Task to complete →
Make an exact copy of all the data, pictures excluded.

Dataset excerpt →
_ _ _ _ _
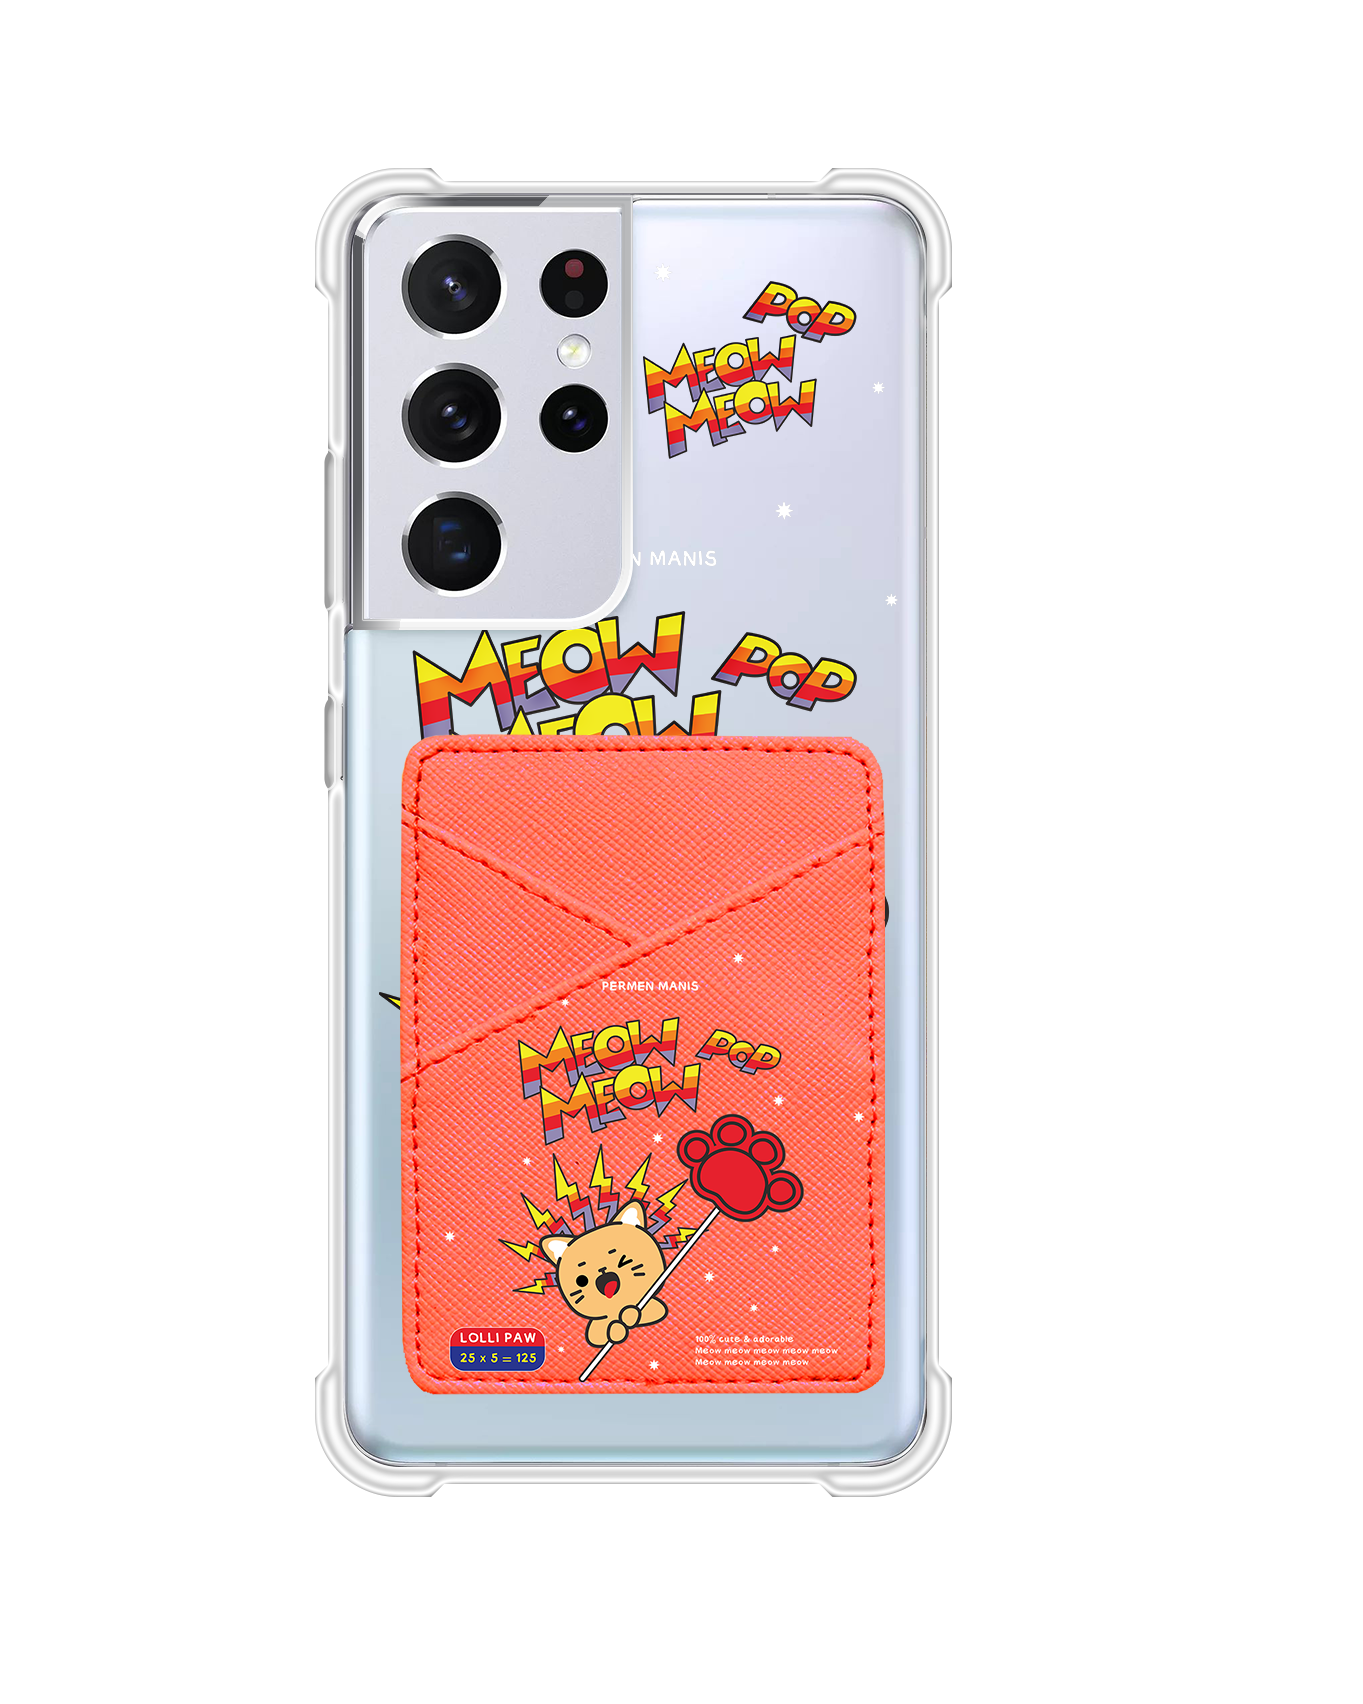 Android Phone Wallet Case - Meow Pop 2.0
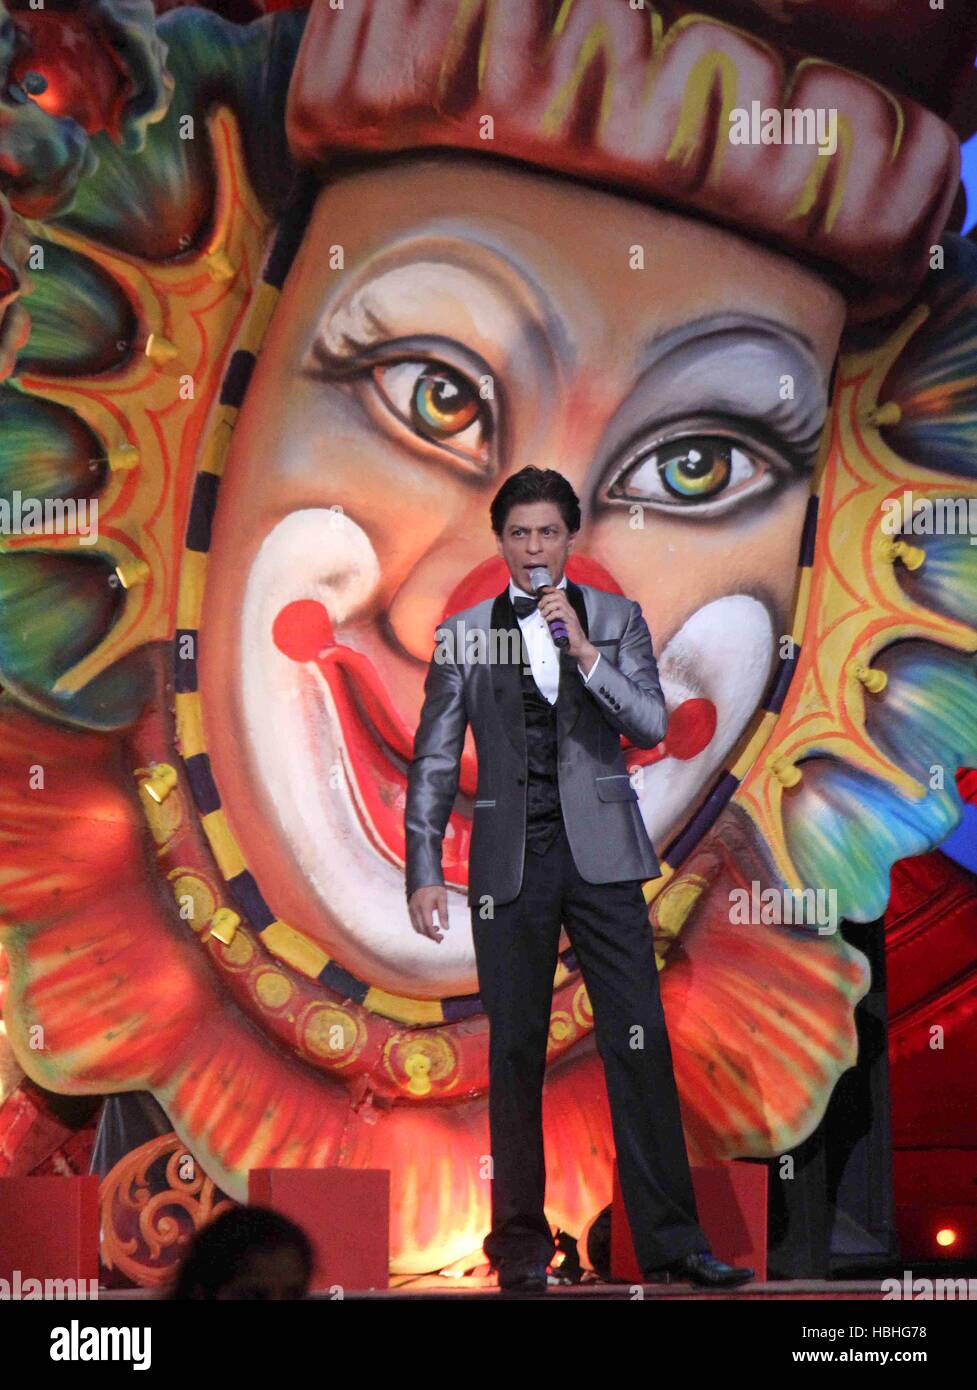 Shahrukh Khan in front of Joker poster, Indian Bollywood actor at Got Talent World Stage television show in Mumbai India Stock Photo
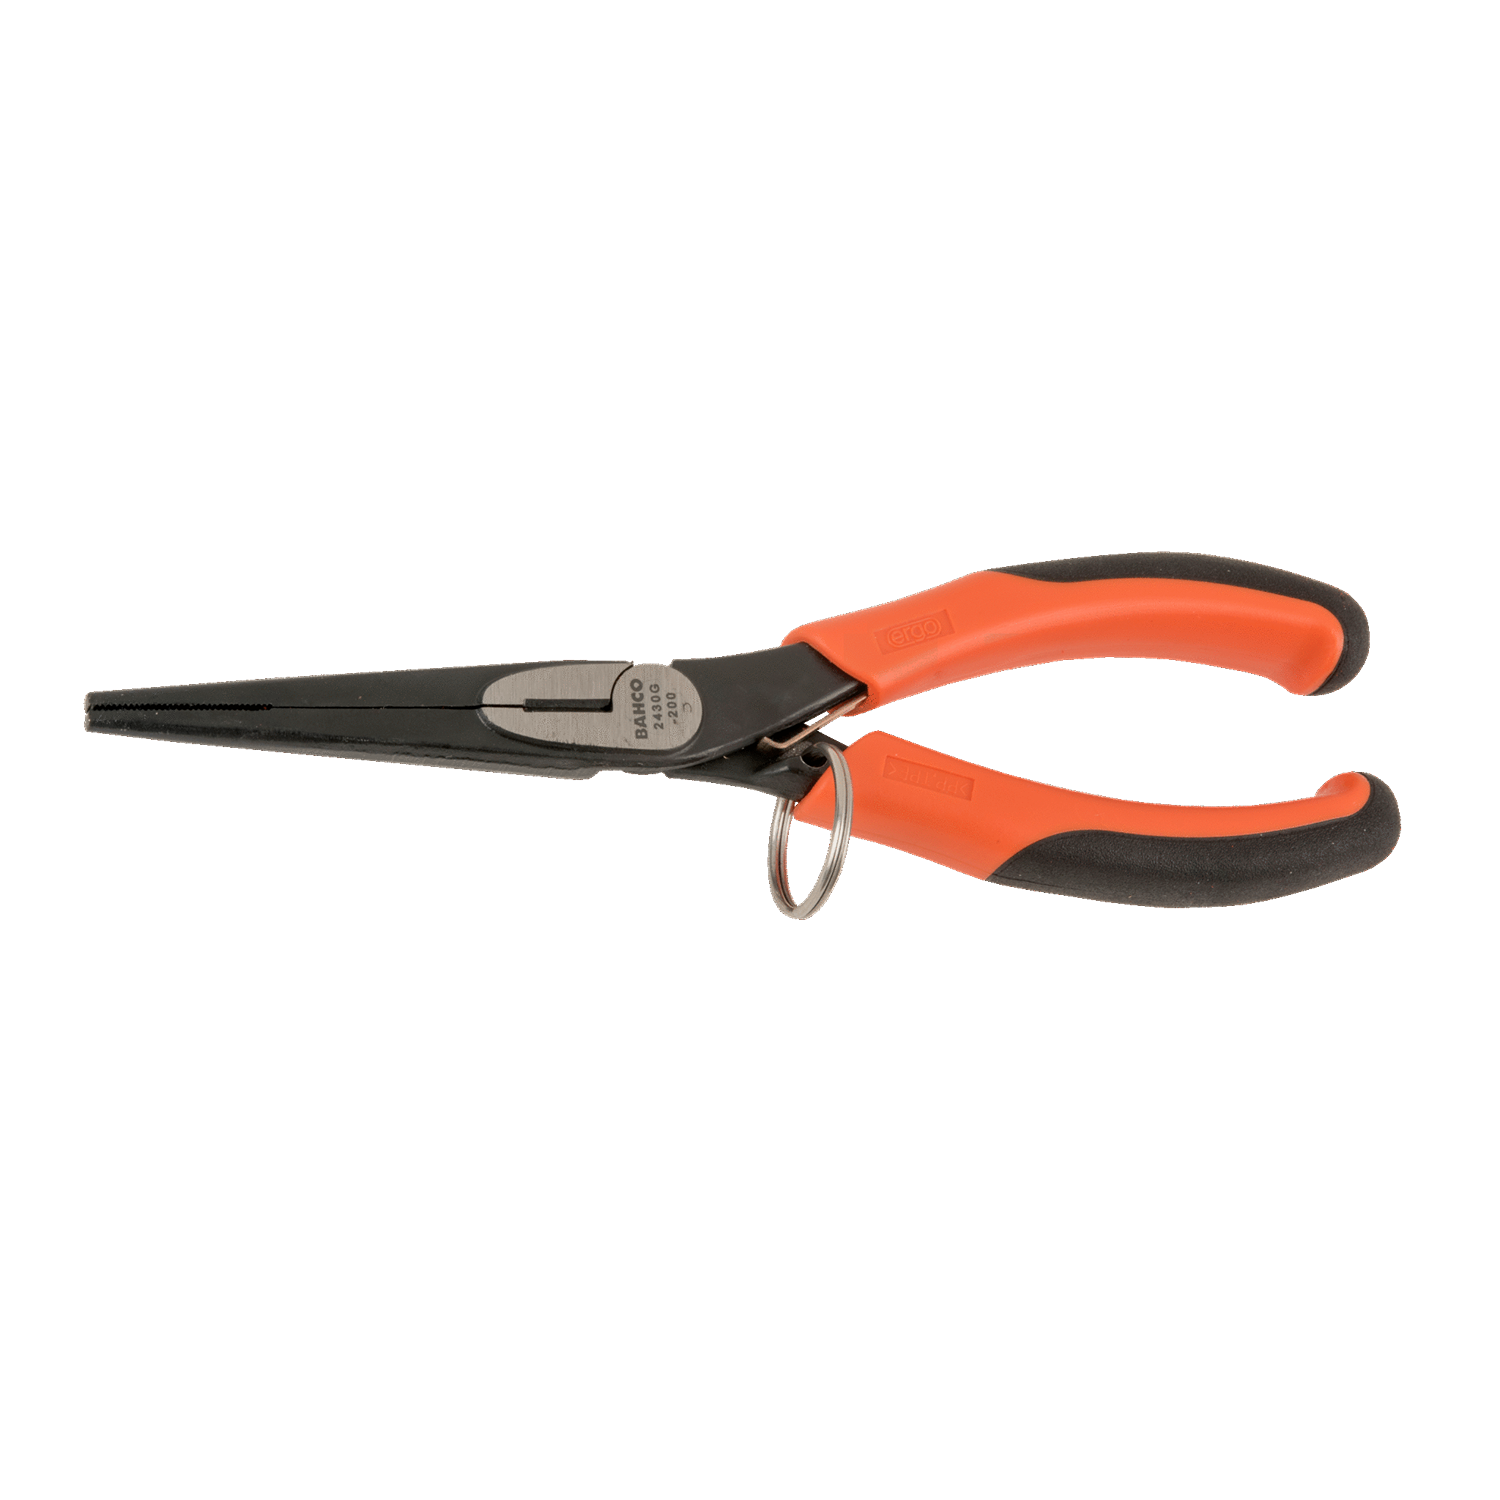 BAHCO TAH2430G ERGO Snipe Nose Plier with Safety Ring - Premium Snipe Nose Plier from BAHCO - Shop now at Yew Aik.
_ _ _ _ _
Finished exercise →
 Android Phone Wallet Case - Meow Pop 2.0
 Shahrukh Khan in front of Joker poster, Indian Bollywood actor at Got Talent World Stage television show in Mumbai India Stock Photo
 BAHCO TAH2430G ERGO Snipe Nose Plier with Safety Ring - Premium Snipe Nose Plier from BAHCO - Shop now at Yew Aik.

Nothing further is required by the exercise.